Erica Baker, another Slack engineer, tweeted that if companies can't get minority candidates to come to them, they should locate themselves where minority talent lives.

Miley said he agrees. "Open your offices in more diverse areas," he said. "That will change your ratios." Plus, having tech jobs in a community that's not typically known for tech is beneficial overall. "When children and teenagers see people doing those jobs, and that they're well-paid, they want to aspire to that. It's a virtuous cycle."

Additionally, when these employees want to move higher up in the organization, they'll move to the company's Silicon Valley headquarters, thus diversifying those offices. "Now a strange thing happens when you have diverse people; they hire more diverse people."

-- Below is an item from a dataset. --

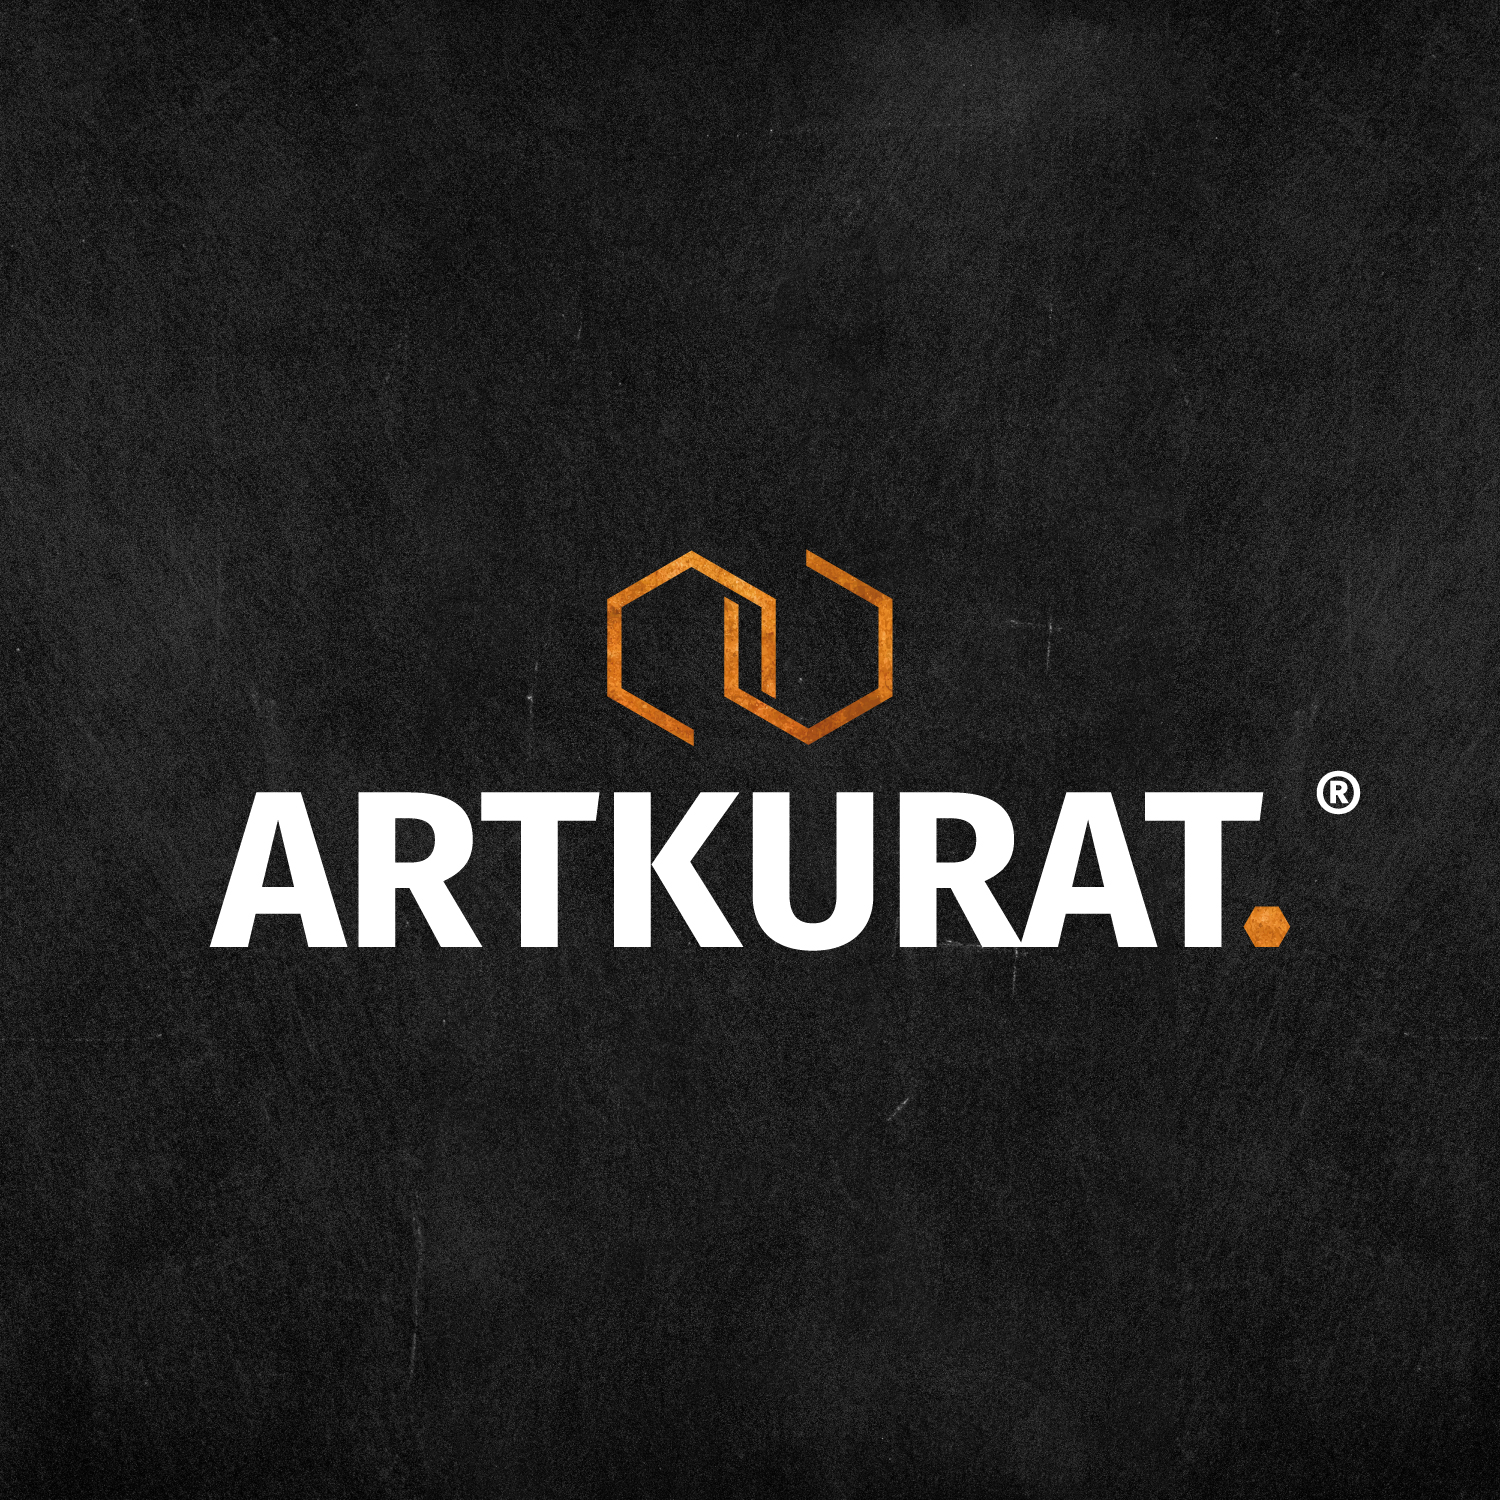 ARTKURAT ®

Some of these tech companies did build offices outside Silicon Valley -- like in Boulder, Colorado, and Cambridge, Massachusetts -- but these areas aren't particularly diverse. "Why not Detroit?" Miley asks. "If they say 'the talent's not there', how do they know? They haven't even looked."

"This Facebook press release and report is an insult to the people who are doing the work of diversity there," said Miley. "It threw them all under the bus. Like Ren said, if this were any other product in a tech company, two years of no growth would be deemed a failure."

"They're not doing anything different," he said. "All of these companies are not doing anything different. That's why the numbers aren't moving."